The first version of the story is that two dudes were trying to shake down Bay for something like $13,000 as he filmed in the streets of Hong Kong (he’s currently filming Transformers 4). The first version had the dudes trying to grab him when he wouldn’t spread the money around. But that version was quickly pushed aside. Paramount released a statement about the incident:

Michael Bay’s movie sets are widely known for their big, explosive action sequences but on Thursday, the filmmaker became the action in a bizarre incident on the set of his latest movie, “Transformers: Age of Extinction.”

According to a Paramount spokesman, a man (“allegedly under the influence of narcotics)”, stormed on set and swung an air conditioner unit at Bay’s head.

Bay, who was not injured, then “ducked and wrested the air conditioner from his attacker, preventing what could have been a serious accident.”

Earlier reports suggested the director had been attacked by two brothers in Quarry Bay, where the Mark Wahlberg-starrer is currently shooting, which Paramount strongly denied.

“Contrary to several erroneous news reports made today, Bay did not get hurt in a fight on set,” the studio said. After the man was subdued by Bay, Paramount stated that police scuffled with the air conditioning wielding suspect as well as two other assailants before arresting the three men.

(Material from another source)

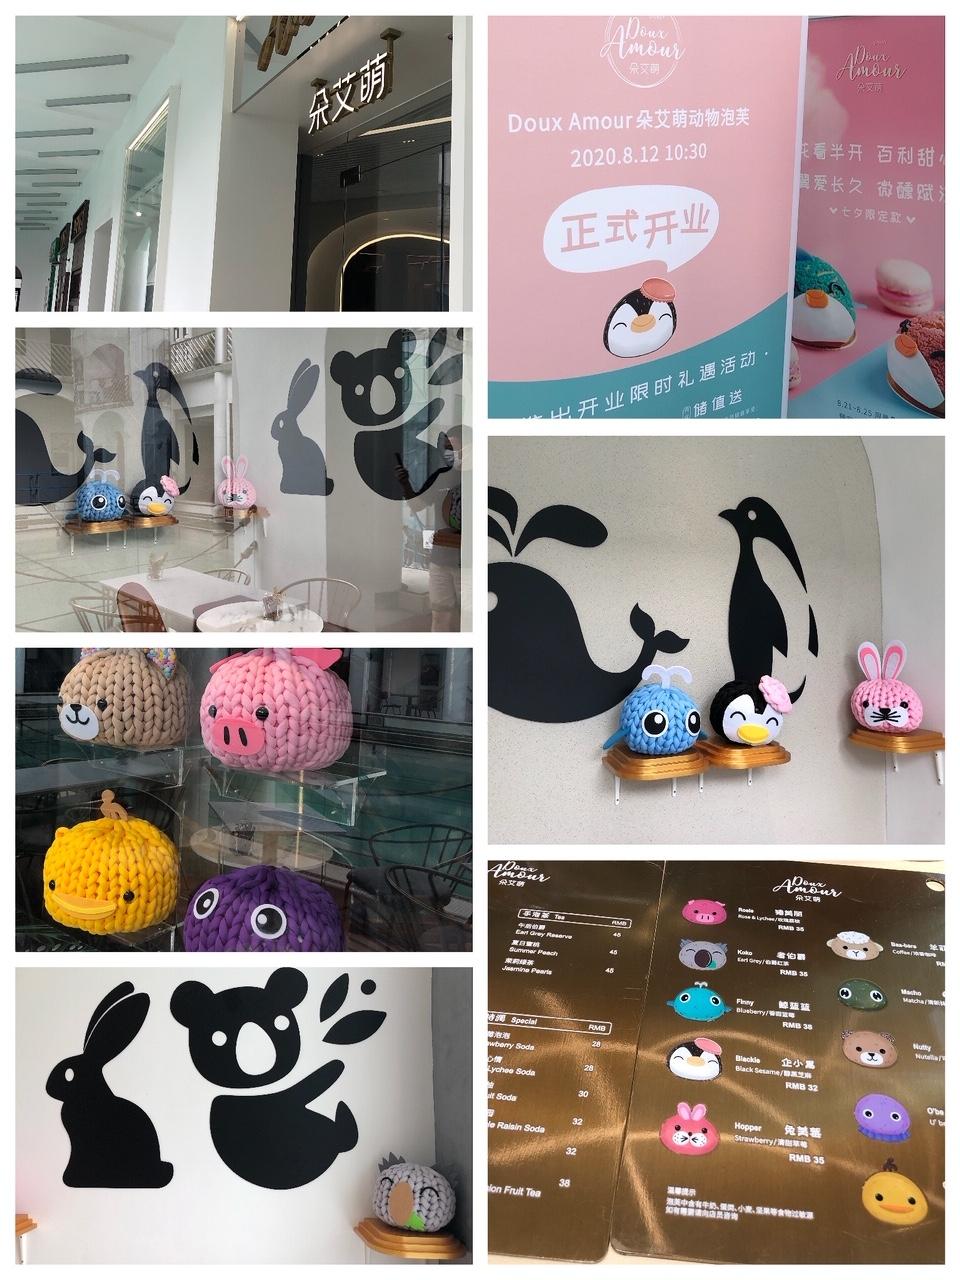 上海•SNSで話題のシュークリームを販売するスイーツ•カフェ

No cast or crew members were injured in the incident. “Transformers 4,” which has been filming for the past four months, hits theaters June 27, 2014.

[From Variety]

So, a dude came at Michael Bay with an air conditioner. Let that version of events sink in. And even Paramount seemed slightly weirded out by the idea that Bay is some kind of air-conditioning-deflecting ninja. BUT THERE’S MORE. Bay released his own statement about what went down:

Hi, it’s Michael.

Yes, the story is being passed around is not all true! Yes, some drugged up guys were being belligerent asses to my crew for hours in the morning of our first shoot day in Hong Kong. One guy rolled metal carts into some of my actors trying to shake us down for thousands of dollars to not play his loud music or hit us with bricks.

Every vendor where we shot got paid a fair price for our inconvenience, but he wanted four times that amount. I personally told this man and his friends to forget it we were not going to let him extort us. He didn’t like that answer.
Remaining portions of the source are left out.